WPA improves data encryption by using Temporal Key Integrity Protocol (TKIP), Message

Integrity Check (MIC) and IEEE 802.1x.

Temporal Key Integrity Protocol (TKIP) uses 128-bit keys that are dynamically generated and

distributed by the authentication server. It includes a per-packet key mixing function, a

Message Integrity Check (MIC) named Michael, an extended initialization vector (IV) with

sequencing rules, and a re-keying mechanism.

TKIP regularly changes and rotates the encryption keys so that the same encryption key is

never used twice. The RADIUS server distributes a Pairwise Master Key (PMK) key to the

AP that then sets up a key hierarchy and management system, using the pair-wise key to

dynamically generate unique data encryption keys to encrypt every data packet that is

wirelessly communicated between the AP and the wireless clients. This all happens in the

background automatically.

The Message Integrity Check (MIC) is designed to prevent an attacker from capturing data

packets, altering them and resending them. The MIC provides a strong mathematical function

in which the receiver and the transmitter each compute and then compare the MIC. If they do

not match, it is assumed that the data has been tampered with and the packet is dropped.

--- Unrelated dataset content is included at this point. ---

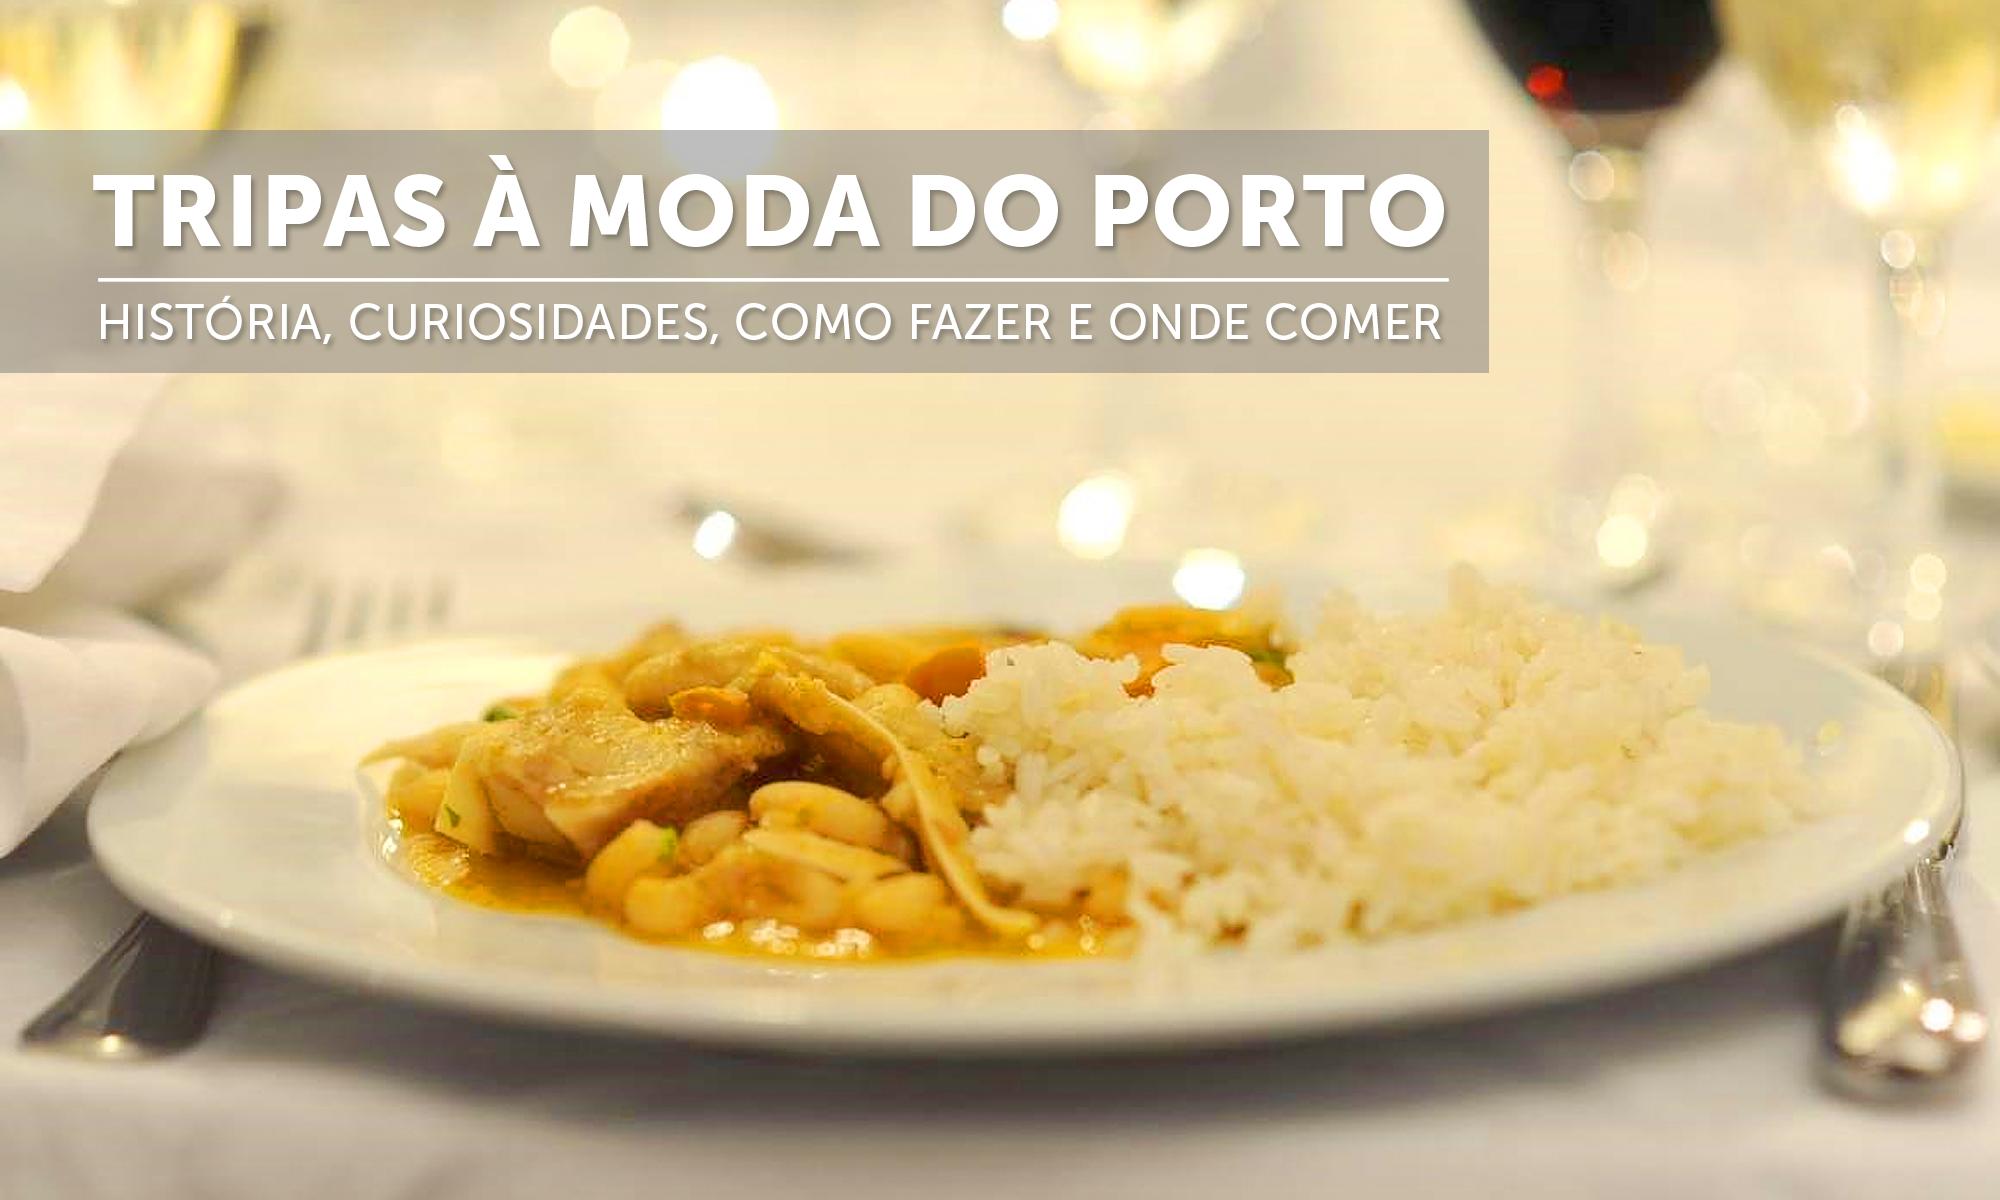 historia-tripas-moda-porto-receita-onde-comer
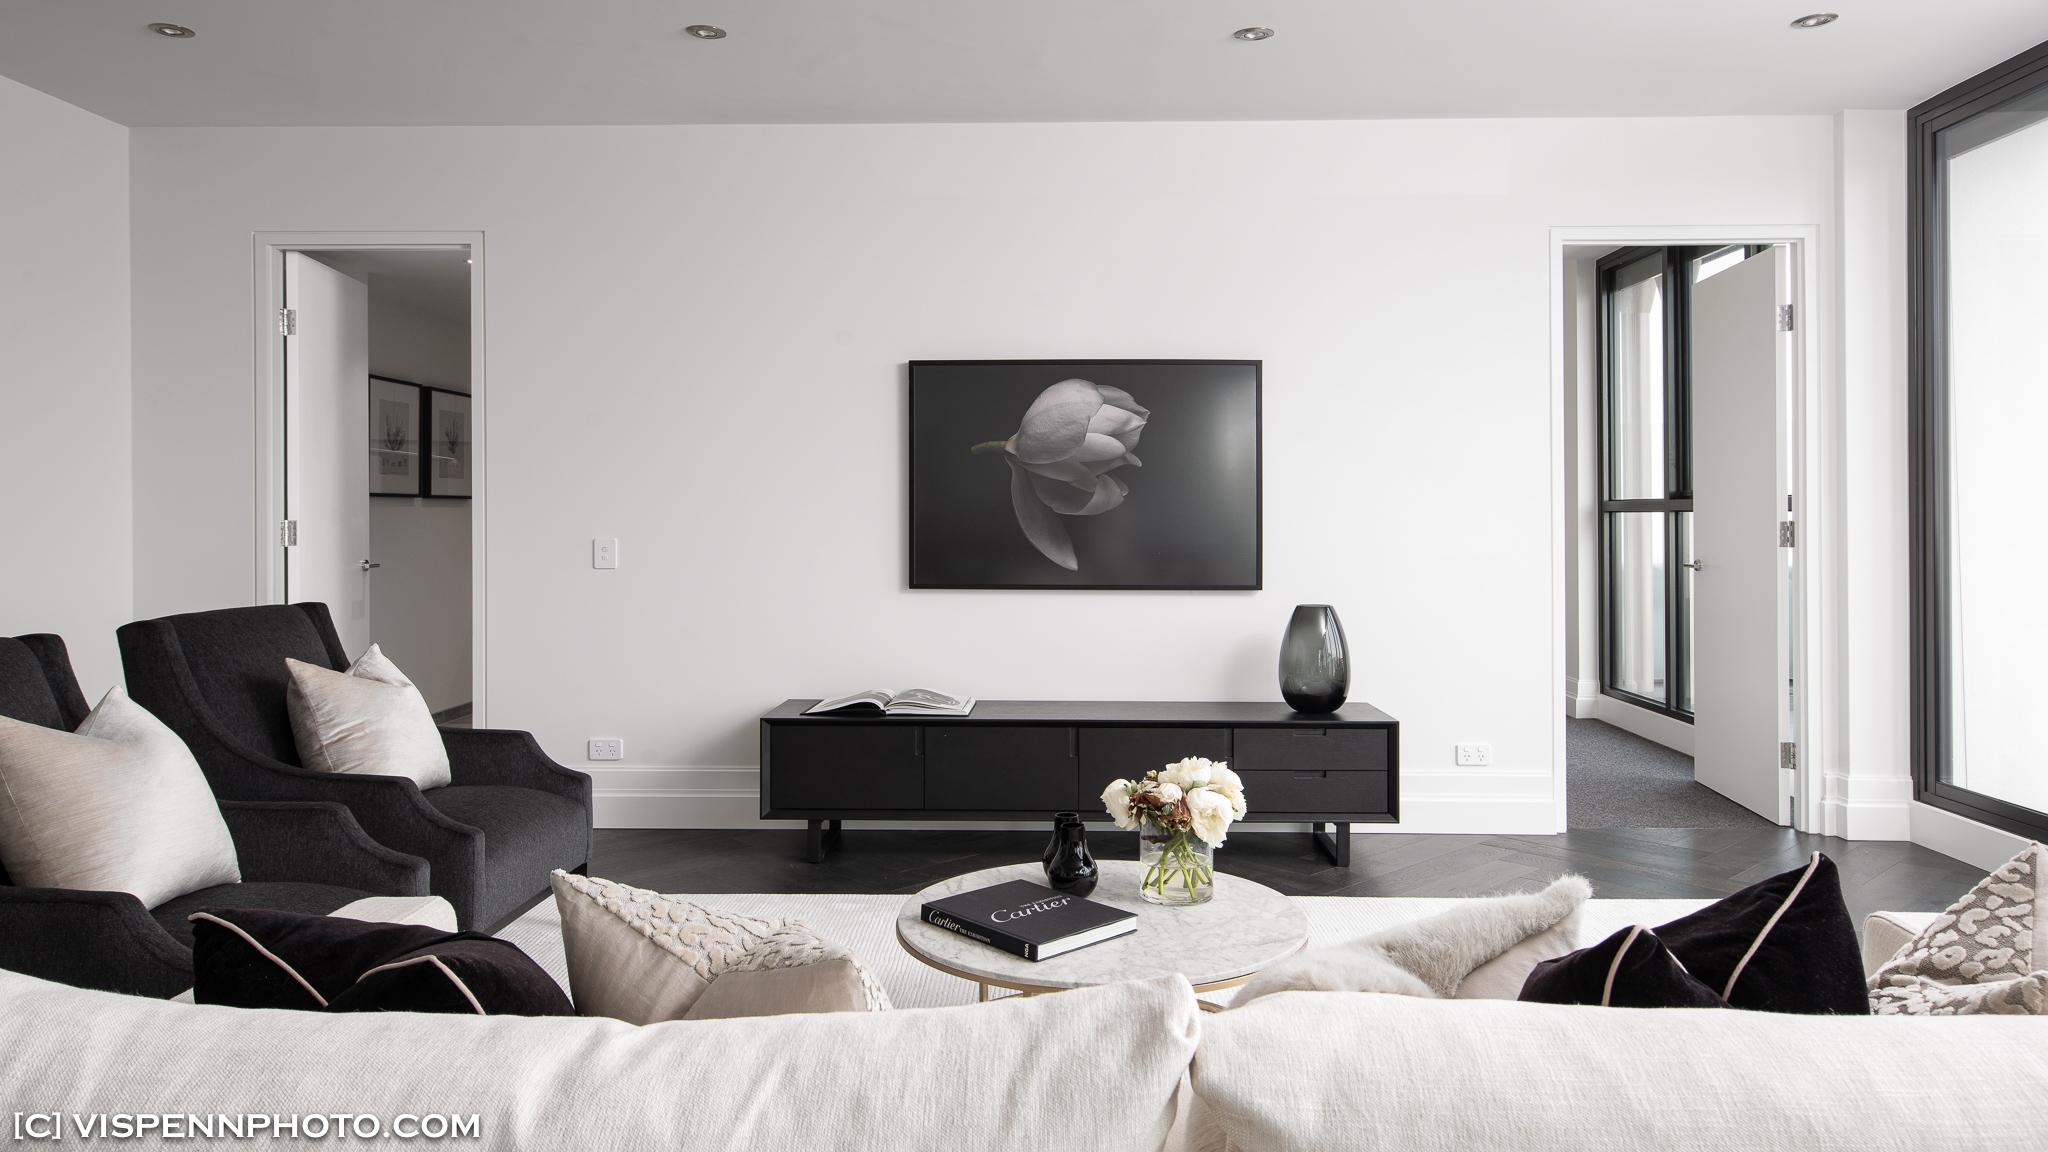 REAL ESTATE INTERIOR Photography Melbourne VISPENN 墨尔本 地产摄影 公寓拍摄 豪宅拍摄 VR远程看房 房产航拍 HAR00425 Edit

By generating unique data encryption keys for every data packet and by creating an integrity

checking mechanism (MIC), TKIP makes it much more difficult to decode data on a Wi-Fi

network than WEP, making it difficult for an intruder to break into the network.

The encryption mechanisms used for WPA and WPA-PSK are the same. The only difference

between the two is that WPA-PSK uses a simple common password, instead of user-specific

credentials. The common-password approach makes WPA-PSK susceptible to brute-force

password-guessing attacks but it’s still an improvement over WEP as it employs an easier-to-

use, consistent, single, alphanumeric password.